Summary of retrospective variant analysis.
| Variant/genotype | Confirmed true calls | False calls | False calls captured | True calls flagged | Model TP flag rate |
|---|---|---|---|---|---|
| SNV—heterozygous | 176 | 0 | — | 29 (16.48%) | 12.20% |
| SNV—homozygous | 34 | 0 | — | 1 (2.94%) | 17.40% |
| SNV—complex heterozygous | 0 | 0 | — | — | — |
| Indel—heterozygous | 20 | 2 | 2 (100.00%) | 5 (25.00%) | 43.41% |
| Indel—homozygous | 0 | 0 | — | — | 55.16% |
| Indel—complex heterozygous | 0 | 0 | — | — | 54.22% |
Here we report the total number of variants confirmed to be true positive (TP) or false positive calls, the number of false positive calls correctly identified (capture rate), and the number of true calls incorrectly labeled as false calls (TP flag rate). The model TP flag rate (i.e., expected TP flag rate) from the final evaluation is also provided here for comparison.
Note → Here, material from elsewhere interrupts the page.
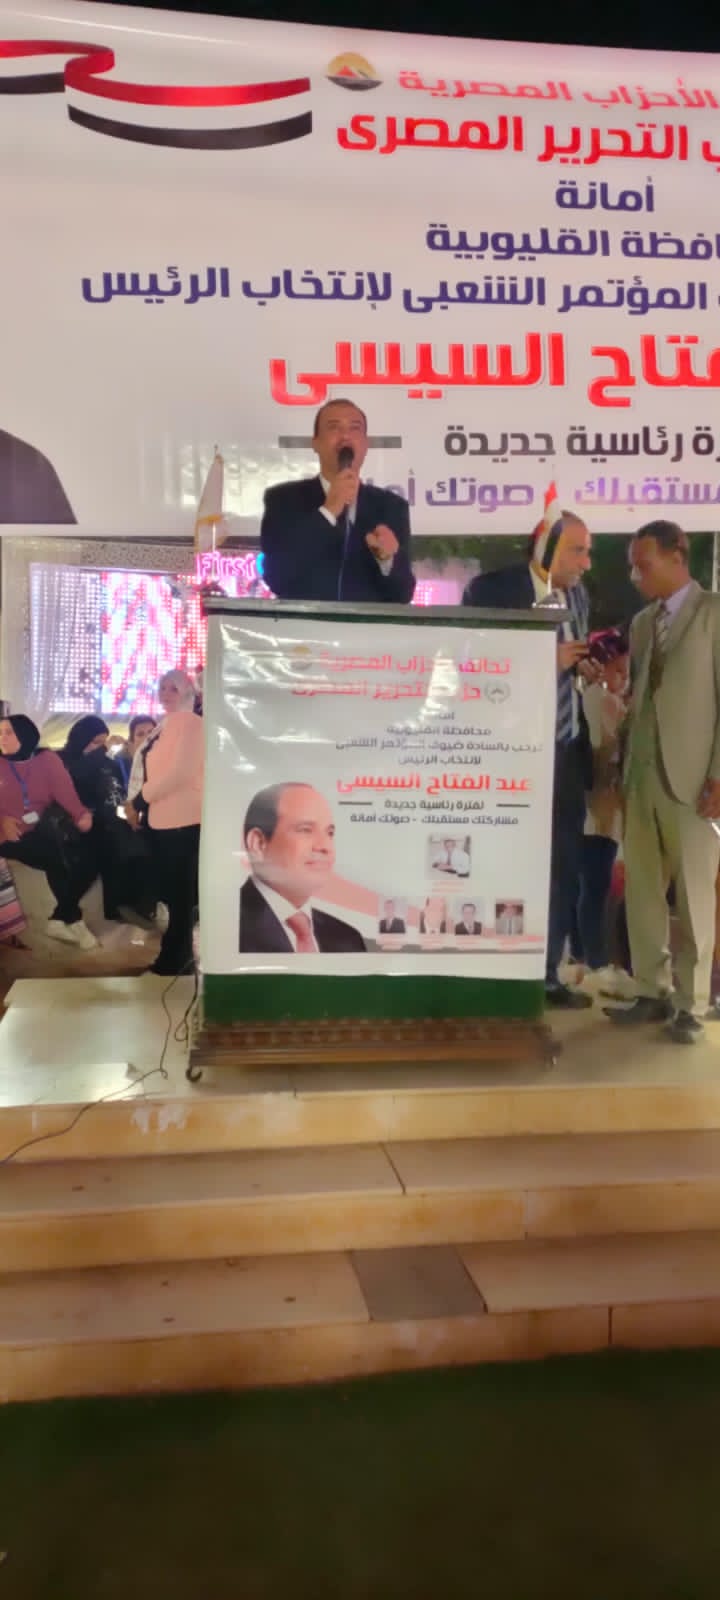 حزب التحرير المصري ينظم مؤتمرًا لدعم الرئيس السيسي (1)

Models used for this analysis were generated from the Dragen-based pipeline.
SNV single-nucleotide variant.
Summary of prospective variant predictions.
| Variant/genotype | Predicted false positive calls | Predicted true positive calls | Orthogonal order reduction |
|---|---|---|---|
| SNV—heterozygous | 29 | 164 | 84.97% |
| SNV—homozygous | 1 | 34 | 97.14% |
| SNV—complex heterozygous | 0 | 0 | — |
| Indel—heterozygous | 6 | 18 | 75.00% |
| Indel—homozygous | 0 | 0 | — |
| Indel—complex heterozygous | 0 | 0 | — |
| Overall | 36 | 216 | 85.71% |
This table details the outcome of the use of the models in clinical cases. It shows the total number of variants that were predicted to be false positive or true positive in the clinical cases along with the percentage of variants that were not sent for orthogonal confirmation.
SNV single-nucleotide variant.
Summary of clinical approaches.
| Category | All variants | GIAB benchmark only | Nonactionable only | GIAB benchmark + nonactionable only |
|---|---|---|---|---|
| Risk of reporting false positive | Higher | Lower | Lower | |
| Risk of adverse impact on patient care | Higher | Higher | Lower | |
| Not eligible—no passing model | 6 | 6 | 6 | |
| Not eligible—outside benchmark region AND actionable | N/A | N/A | 4 | |
| Not eligible—actionable | N/A | N/A | 44 | |
| Not eligible—outside benchmark region | N/A | 88 | 84 | |
| Eligible—predicted true | 240 | 164 | 141 | |
| Eligible—predicted false | 60 | 48 | 27 | |
| Confirmation order rate | 21.57% | 46.41% | 53.92% |
This table summarizes the prospective results for all variants (n = 306) under different clinical approaches. The methods are organized from highest risk of reporting a false positive to lowest, where reporting actionable variants without confirmation is considered highest risk. Approaches that allow the models to be applied to any variant interpretation (specifically primary or actionable) have a higher risk for adverse impact on patient care. Approaches that allow for variants from any genomic region (specifically outside Genome in a Bottle [GIAB] benchmark regions) have a higher risk of reporting a false positive. Variants that are classified as “not eligible” either did not have a validated model or require confirmation test due to the approach. Confirmation order rate is the percentage of variants that are either not eligible or predicted false, indicating that a confirmation test would be ordered for that variant prior to reporting. The results from our clinical approach (nonactionable only) are emphasized.